▶ _The problem_: Send back the data below exactly. Drop every picture.

▶ _Information shown_:

● ● ● ● ●

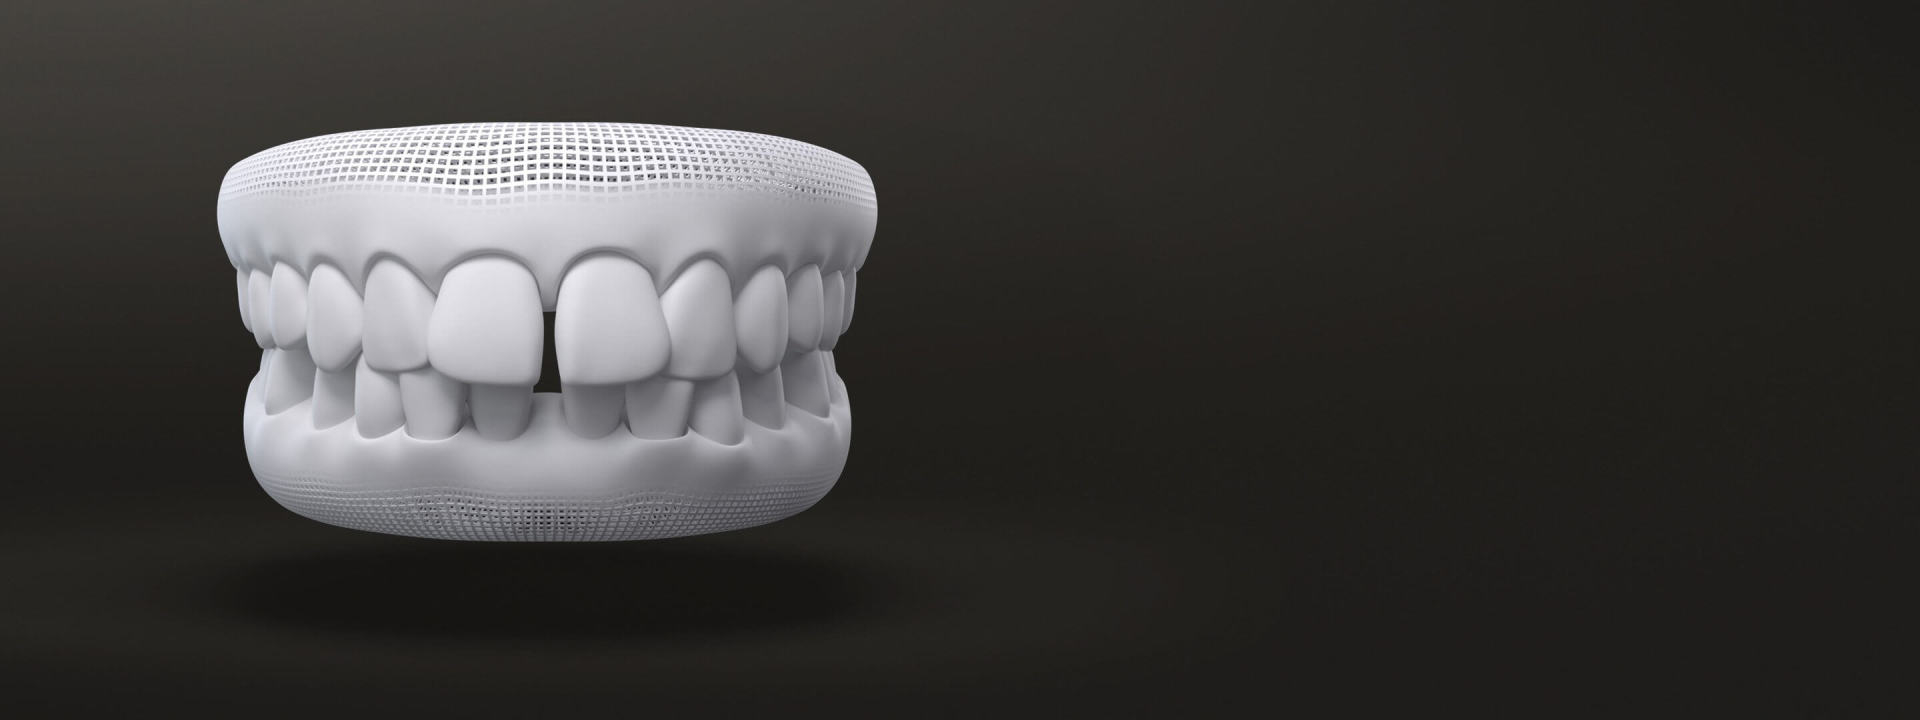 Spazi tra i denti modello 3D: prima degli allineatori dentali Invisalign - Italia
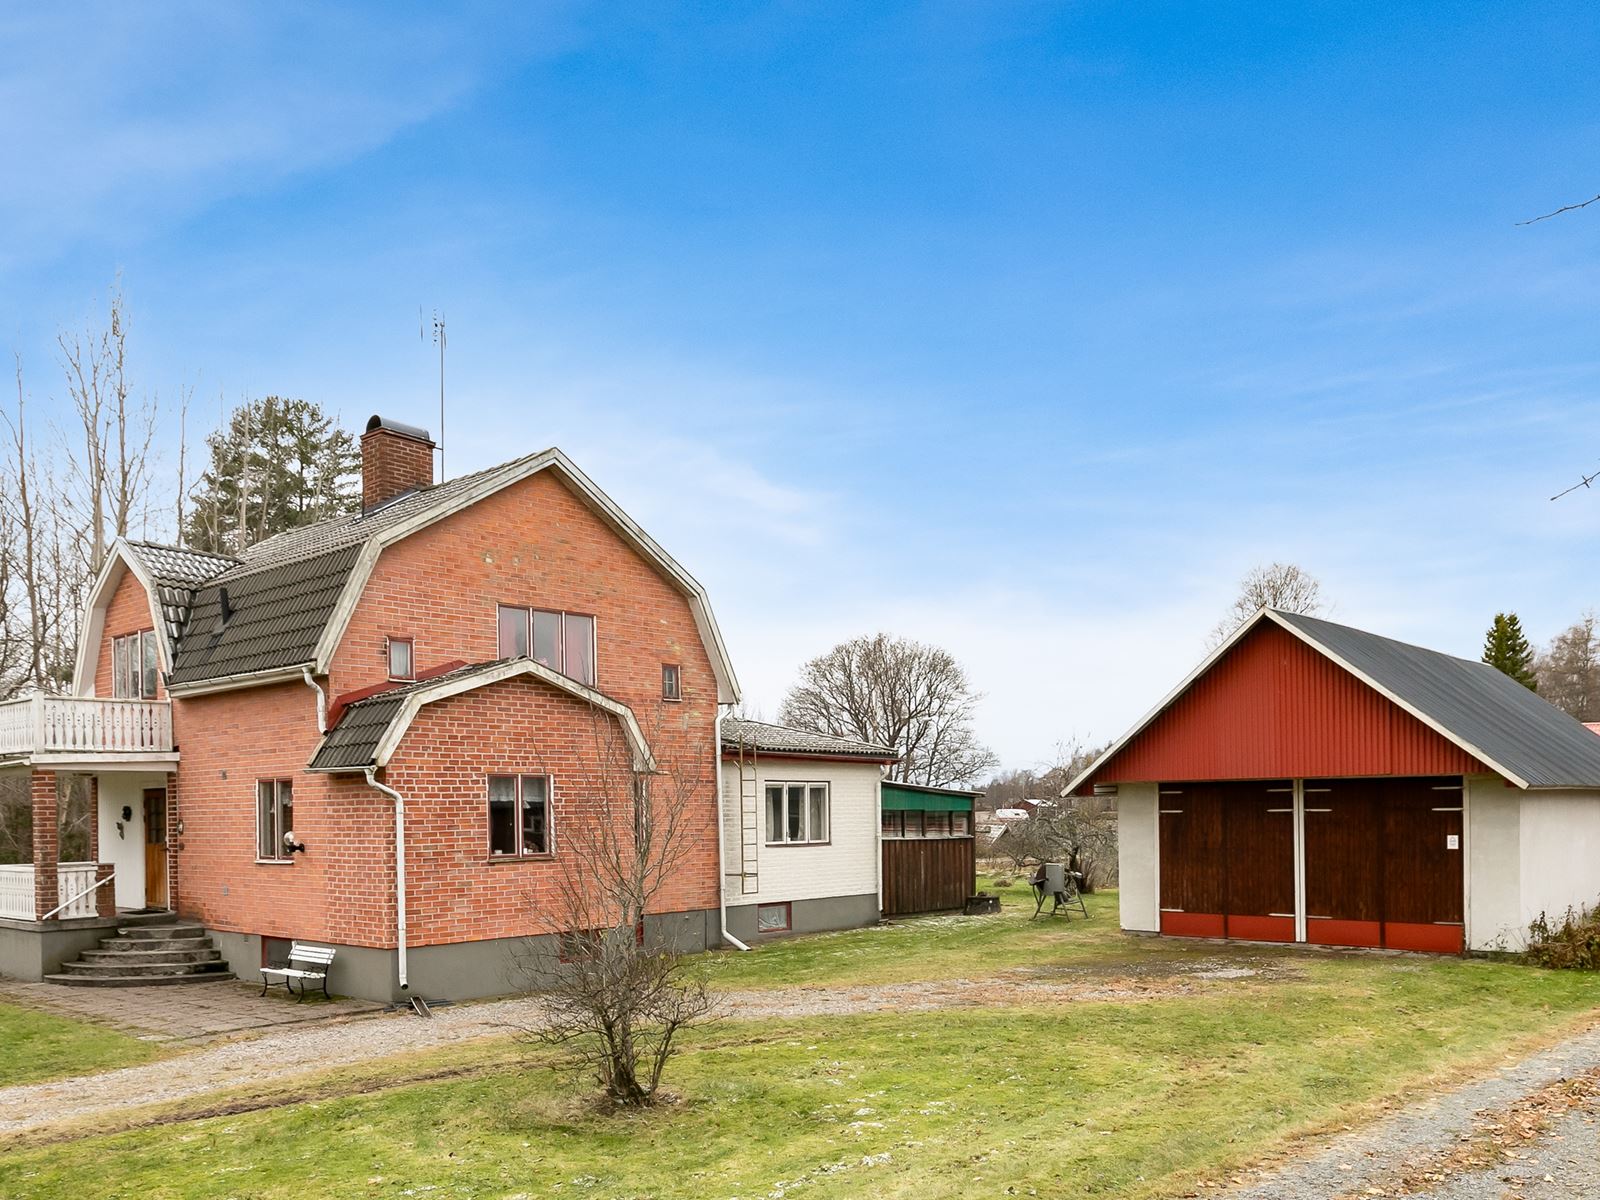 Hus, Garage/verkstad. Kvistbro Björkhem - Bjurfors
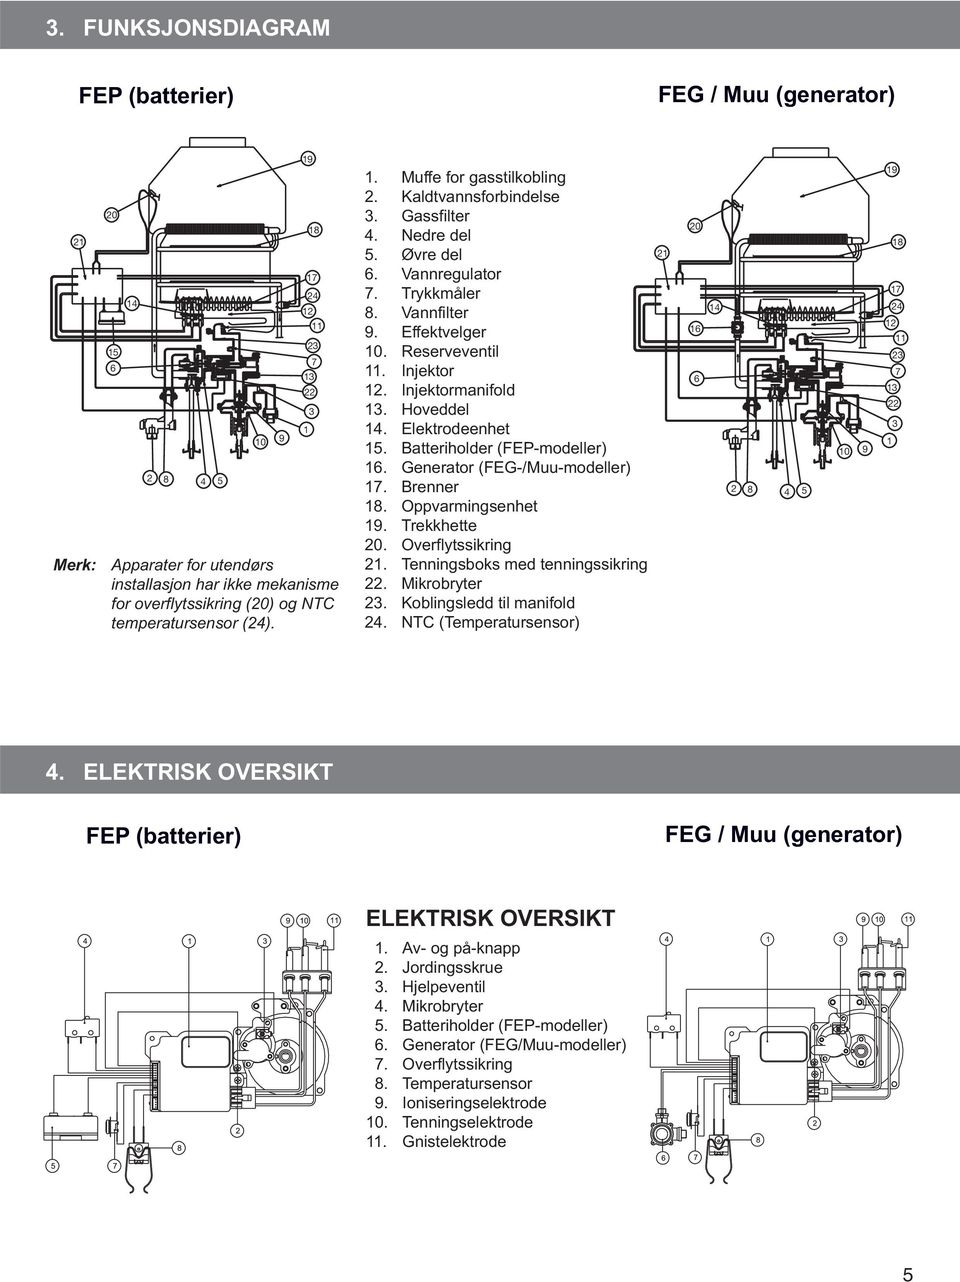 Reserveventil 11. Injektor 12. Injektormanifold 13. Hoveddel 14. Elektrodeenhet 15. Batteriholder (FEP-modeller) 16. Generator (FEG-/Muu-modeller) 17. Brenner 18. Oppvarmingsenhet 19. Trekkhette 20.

● ● ● ● ●

▶ _Expected answer_:
 Spazi tra i denti modello 3D: prima degli allineatori dentali Invisalign - Italia
 Hus, Garage/verkstad. Kvistbro Björkhem - Bjurfors
 Reserveventil 11. Injektor 12. Injektormanifold 13. Hoveddel 14. Elektrodeenhet 15. Batteriholder (FEP-modeller) 16. Generator (FEG-/Muu-modeller) 17. Brenner 18. Oppvarmingsenhet 19. Trekkhette 20.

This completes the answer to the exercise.